**WHAT TO WORK ON**
Take the records below and print them verbatim up to and including the line that carries "Appartamento in vendita".
Top of LISTED RECORDS
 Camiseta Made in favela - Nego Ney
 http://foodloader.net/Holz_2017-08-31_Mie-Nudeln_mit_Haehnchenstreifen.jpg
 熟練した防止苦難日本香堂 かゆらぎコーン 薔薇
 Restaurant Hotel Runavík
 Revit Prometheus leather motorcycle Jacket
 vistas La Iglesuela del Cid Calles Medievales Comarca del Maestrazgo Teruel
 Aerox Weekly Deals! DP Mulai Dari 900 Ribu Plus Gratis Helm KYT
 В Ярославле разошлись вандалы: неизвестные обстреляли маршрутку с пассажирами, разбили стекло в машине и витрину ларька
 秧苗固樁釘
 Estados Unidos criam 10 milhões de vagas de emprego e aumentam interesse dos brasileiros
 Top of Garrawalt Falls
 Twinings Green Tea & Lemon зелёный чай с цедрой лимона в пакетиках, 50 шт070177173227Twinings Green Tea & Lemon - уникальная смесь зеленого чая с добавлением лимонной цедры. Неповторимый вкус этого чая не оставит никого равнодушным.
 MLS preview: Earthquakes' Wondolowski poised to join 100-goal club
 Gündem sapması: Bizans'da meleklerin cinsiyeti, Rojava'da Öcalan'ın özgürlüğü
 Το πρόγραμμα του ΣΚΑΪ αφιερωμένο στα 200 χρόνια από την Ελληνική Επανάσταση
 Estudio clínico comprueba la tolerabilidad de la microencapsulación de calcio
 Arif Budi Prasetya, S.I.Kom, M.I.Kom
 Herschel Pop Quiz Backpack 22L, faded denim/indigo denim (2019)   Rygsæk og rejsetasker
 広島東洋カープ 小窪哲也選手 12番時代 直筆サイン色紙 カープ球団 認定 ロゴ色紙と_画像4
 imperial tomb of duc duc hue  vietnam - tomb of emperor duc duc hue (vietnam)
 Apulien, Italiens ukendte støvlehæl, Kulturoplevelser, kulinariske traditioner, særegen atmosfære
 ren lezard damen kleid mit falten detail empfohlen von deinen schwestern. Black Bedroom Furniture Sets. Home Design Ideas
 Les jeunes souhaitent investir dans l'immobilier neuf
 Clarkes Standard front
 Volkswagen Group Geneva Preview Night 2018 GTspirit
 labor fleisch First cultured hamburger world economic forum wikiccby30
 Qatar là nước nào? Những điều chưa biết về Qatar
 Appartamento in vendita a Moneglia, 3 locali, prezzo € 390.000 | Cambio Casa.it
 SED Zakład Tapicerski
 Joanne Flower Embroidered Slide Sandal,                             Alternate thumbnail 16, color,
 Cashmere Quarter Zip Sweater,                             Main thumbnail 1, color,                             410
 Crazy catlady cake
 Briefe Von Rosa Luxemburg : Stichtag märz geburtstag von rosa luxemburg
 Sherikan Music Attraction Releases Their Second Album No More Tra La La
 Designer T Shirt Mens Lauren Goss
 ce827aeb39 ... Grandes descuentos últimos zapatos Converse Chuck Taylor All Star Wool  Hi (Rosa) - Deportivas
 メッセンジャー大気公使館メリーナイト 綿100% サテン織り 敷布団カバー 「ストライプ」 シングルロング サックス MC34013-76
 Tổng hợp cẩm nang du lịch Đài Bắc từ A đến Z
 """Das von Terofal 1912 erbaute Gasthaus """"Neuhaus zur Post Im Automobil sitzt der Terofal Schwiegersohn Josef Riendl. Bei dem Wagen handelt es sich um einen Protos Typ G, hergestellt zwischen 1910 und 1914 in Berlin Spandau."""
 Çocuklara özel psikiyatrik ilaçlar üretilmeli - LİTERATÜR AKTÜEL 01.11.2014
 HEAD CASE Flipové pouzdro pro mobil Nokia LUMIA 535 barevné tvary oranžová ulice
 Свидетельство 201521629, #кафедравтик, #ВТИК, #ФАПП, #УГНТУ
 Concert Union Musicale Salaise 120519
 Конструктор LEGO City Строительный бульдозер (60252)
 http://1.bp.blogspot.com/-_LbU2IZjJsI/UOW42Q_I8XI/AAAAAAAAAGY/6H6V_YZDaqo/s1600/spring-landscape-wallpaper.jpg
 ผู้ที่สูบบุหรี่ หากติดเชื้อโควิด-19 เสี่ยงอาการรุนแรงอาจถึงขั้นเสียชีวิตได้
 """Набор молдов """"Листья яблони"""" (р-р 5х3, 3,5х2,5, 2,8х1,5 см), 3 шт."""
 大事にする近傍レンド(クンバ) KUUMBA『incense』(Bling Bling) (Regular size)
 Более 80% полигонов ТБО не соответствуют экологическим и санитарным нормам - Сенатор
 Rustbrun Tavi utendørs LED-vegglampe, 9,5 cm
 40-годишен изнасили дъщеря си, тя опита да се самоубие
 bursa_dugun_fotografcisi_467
Bottom of LISTED RECORDS
**EXPECTED ANSWER**
 Camiseta Made in favela - Nego Ney
 http://foodloader.net/Holz_2017-08-31_Mie-Nudeln_mit_Haehnchenstreifen.jpg
 熟練した防止苦難日本香堂 かゆらぎコーン 薔薇
 Restaurant Hotel Runavík
 Revit Prometheus leather motorcycle Jacket
 vistas La Iglesuela del Cid Calles Medievales Comarca del Maestrazgo Teruel
 Aerox Weekly Deals! DP Mulai Dari 900 Ribu Plus Gratis Helm KYT
 В Ярославле разошлись вандалы: неизвестные обстреляли маршрутку с пассажирами, разбили стекло в машине и витрину ларька
 秧苗固樁釘
 Estados Unidos criam 10 milhões de vagas de emprego e aumentam interesse dos brasileiros
 Top of Garrawalt Falls
 Twinings Green Tea & Lemon зелёный чай с цедрой лимона в пакетиках, 50 шт070177173227Twinings Green Tea & Lemon - уникальная смесь зеленого чая с добавлением лимонной цедры. Неповторимый вкус этого чая не оставит никого равнодушным.
 MLS preview: Earthquakes' Wondolowski poised to join 100-goal club
 Gündem sapması: Bizans'da meleklerin cinsiyeti, Rojava'da Öcalan'ın özgürlüğü
 Το πρόγραμμα του ΣΚΑΪ αφιερωμένο στα 200 χρόνια από την Ελληνική Επανάσταση
 Estudio clínico comprueba la tolerabilidad de la microencapsulación de calcio
 Arif Budi Prasetya, S.I.Kom, M.I.Kom
 Herschel Pop Quiz Backpack 22L, faded denim/indigo denim (2019)   Rygsæk og rejsetasker
 広島東洋カープ 小窪哲也選手 12番時代 直筆サイン色紙 カープ球団 認定 ロゴ色紙と_画像4
 imperial tomb of duc duc hue  vietnam - tomb of emperor duc duc hue (vietnam)
 Apulien, Italiens ukendte støvlehæl, Kulturoplevelser, kulinariske traditioner, særegen atmosfære
 ren lezard damen kleid mit falten detail empfohlen von deinen schwestern. Black Bedroom Furniture Sets. Home Design Ideas
 Les jeunes souhaitent investir dans l'immobilier neuf
 Clarkes Standard front
 Volkswagen Group Geneva Preview Night 2018 GTspirit
 labor fleisch First cultured hamburger world economic forum wikiccby30
 Qatar là nước nào? Những điều chưa biết về Qatar
 Appartamento in vendita a Moneglia, 3 locali, prezzo € 390.000 | Cambio Casa.it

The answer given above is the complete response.